- Robin Falls
- Coordinates: 13°22′02″S 131°07′43″E﻿ / ﻿13.3673°S 131.1287°E
- Country: Australia
- State: Northern Territory
- LGA: unincorporated area;
- Location: 103 km (64 mi) S of Darwin City;
- Established: 4 April 2007

Government
- • Territory electorate: Daly;
- • Federal division: Lingiari;

Population
- • Total: 13 (2016 census)
- Time zone: UTC+9:30 (ACST)
- Postcode: 0822
- Mean max temp: 33.7 °C (92.7 °F)
- Mean min temp: 21.2 °C (70.2 °F)
- Annual rainfall: 1,564.4 mm (61.59 in)
Suburbs around Robin Falls
| Litchfield Park | Litchfield Park Adelaide River Margaret River | Margaret River |
| Litchfield Park Tipperary | Robin Falls | Margaret River Douglas-Daly |
| Tipperary | Tipperary Douglas-Daly | Douglas-Daly |

= Robin Falls, Northern Territory =

Robin Falls is a locality in the Northern Territory of Australia located on the Cox Peninsula and adjoining land about 103 km south of the territory capital of Darwin.

The locality was named after Robin Falls, a waterfall located within its boundaries and which is reported as being named by Clyde Fenton, a North Territory medical practitioner and pilot, after Robin Cook, the “daughter of Dr M Cook, Chief Medical Officer and Chief Protector of Aboriginals from 1927 to 1939”. Its boundaries and name were gazetted on 4 April 2007.

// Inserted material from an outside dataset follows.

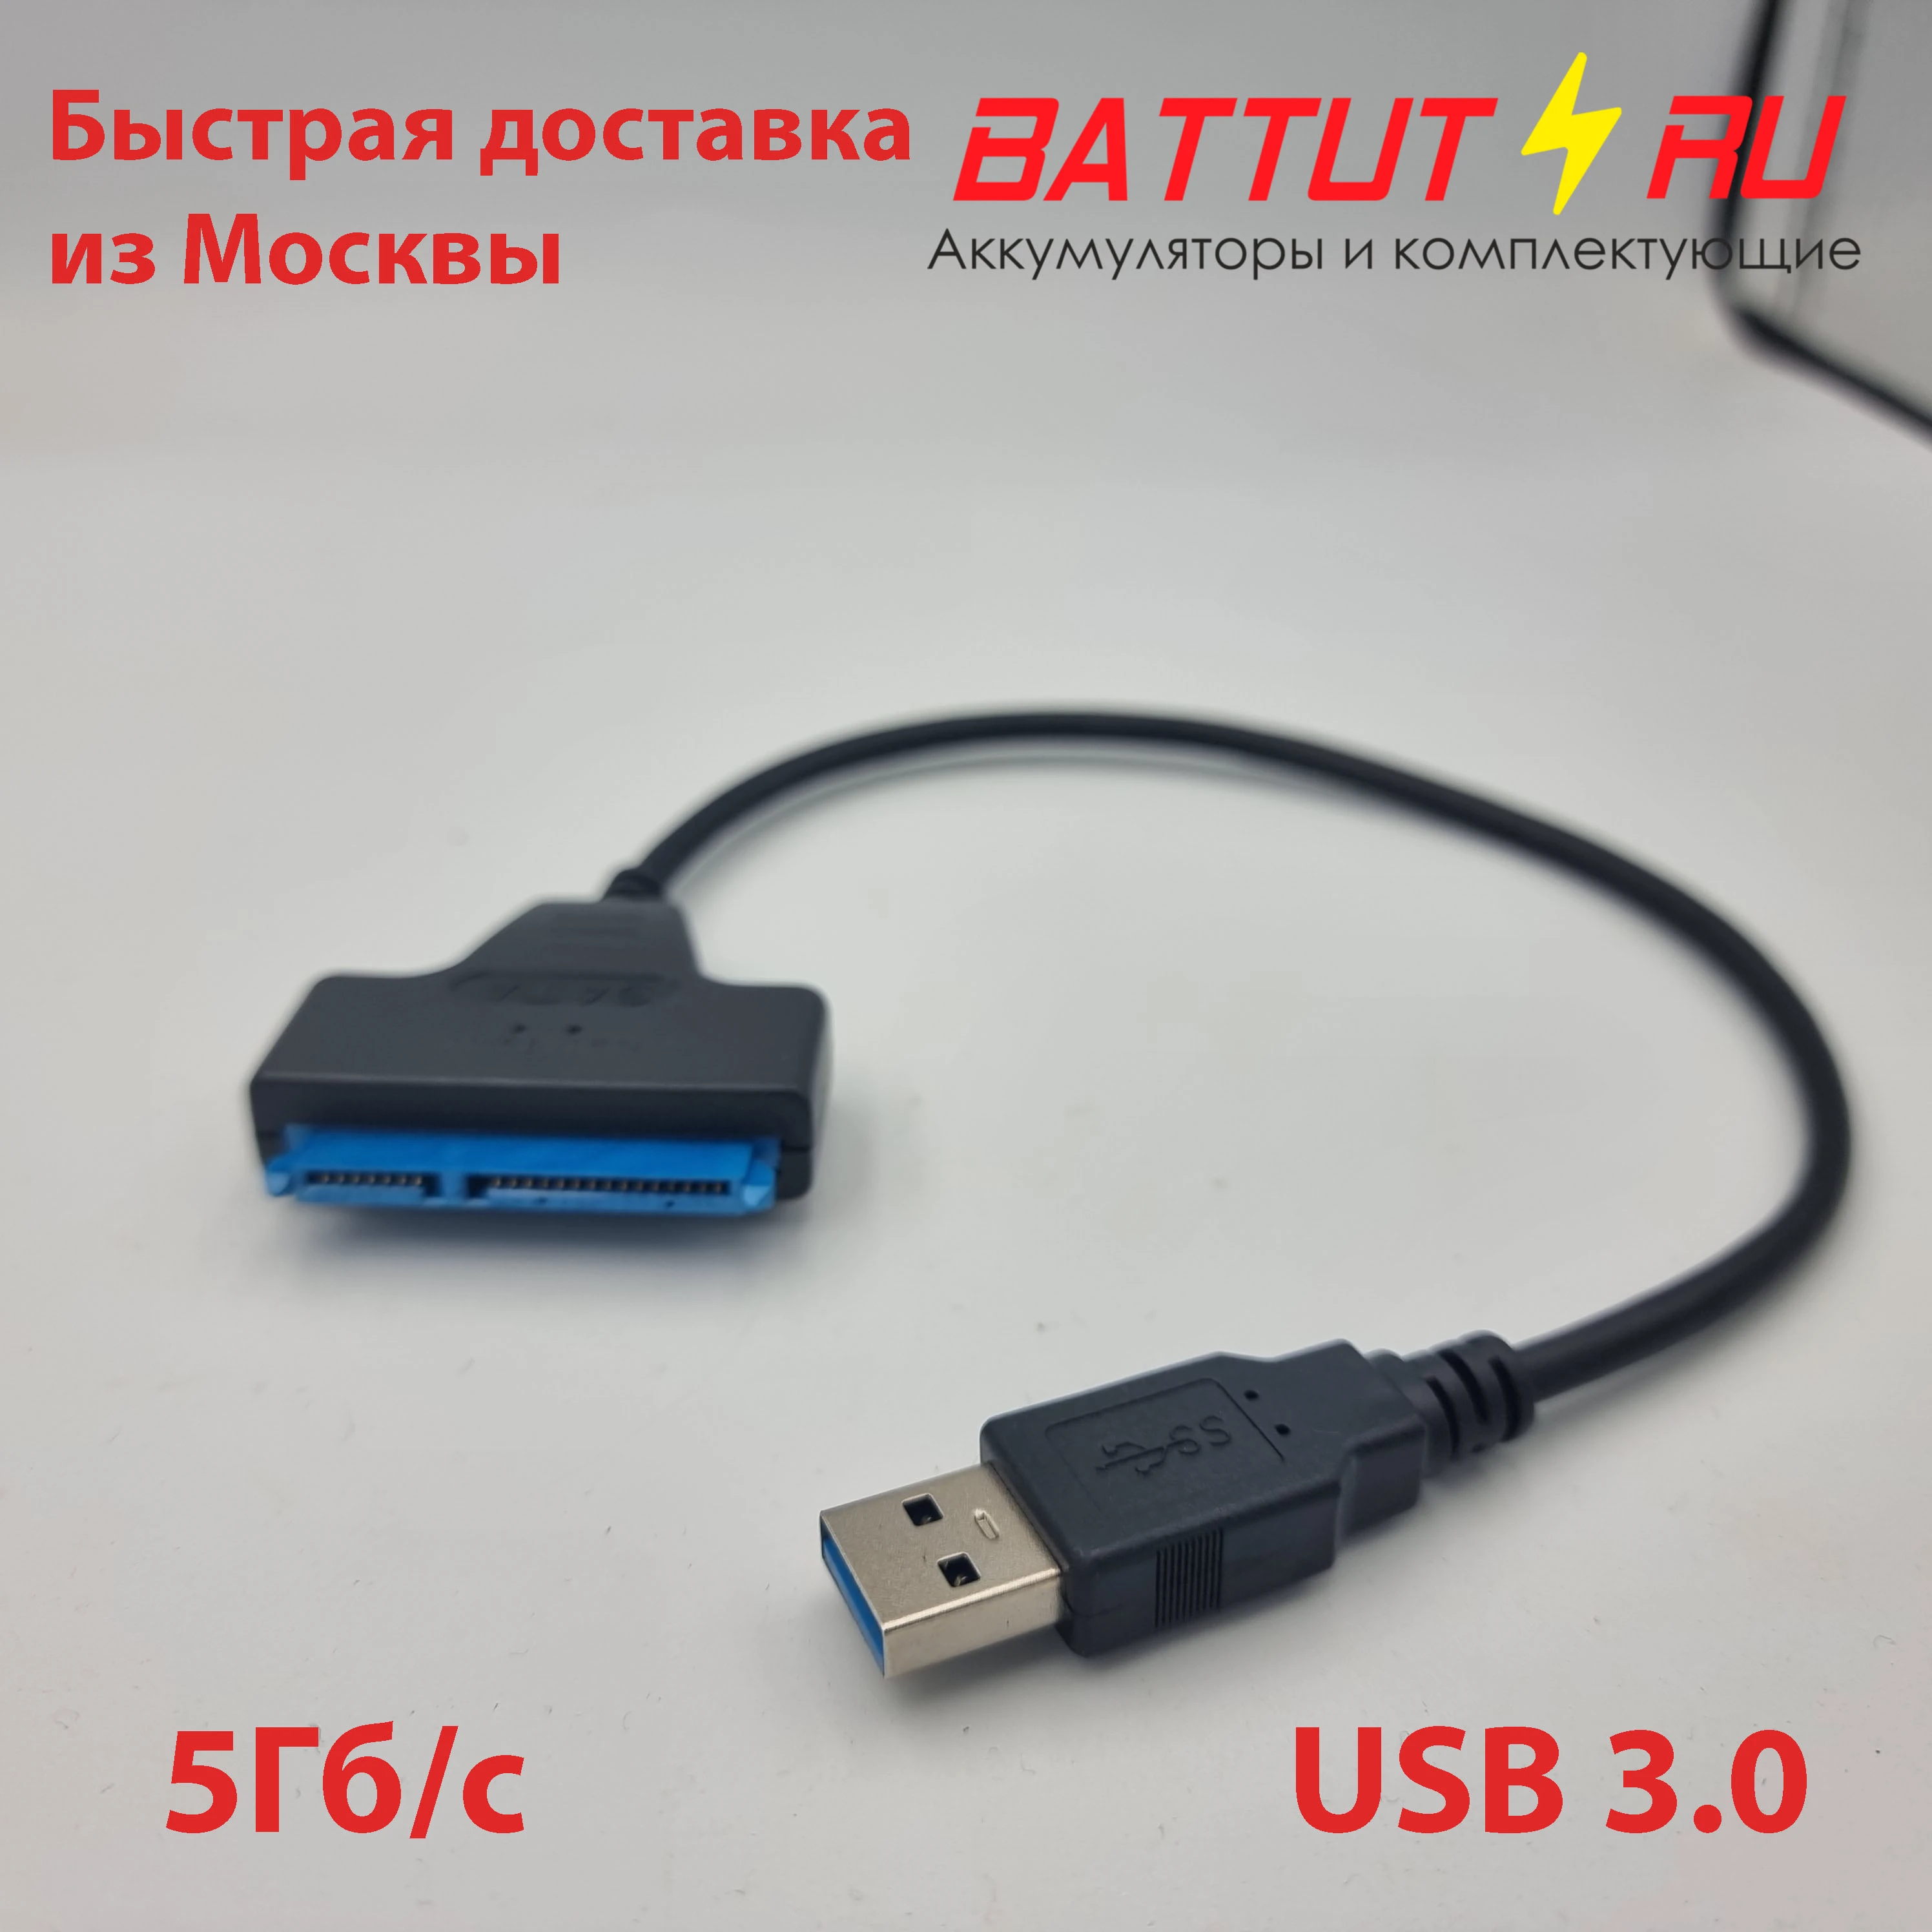 Sata to USB 3.0 adapter, HDD (SATA to USB adapter, USB to SATA) cable

Robin Falls includes the site of a former World War II era chemical warfare facility which was listed on the Northern Territory Heritage Register on 2 March 2011 under the name of the WWII 88 Mile Burrell Creek Chemical Warfare Depot and Camp.

The 2016 Australian census reports that Robin Falls had 13 people living within its boundaries.

Robin Falls is located within the federal division of Lingiari, the territory electoral division of Daly and within the unincorporated areas of the Northern Territory.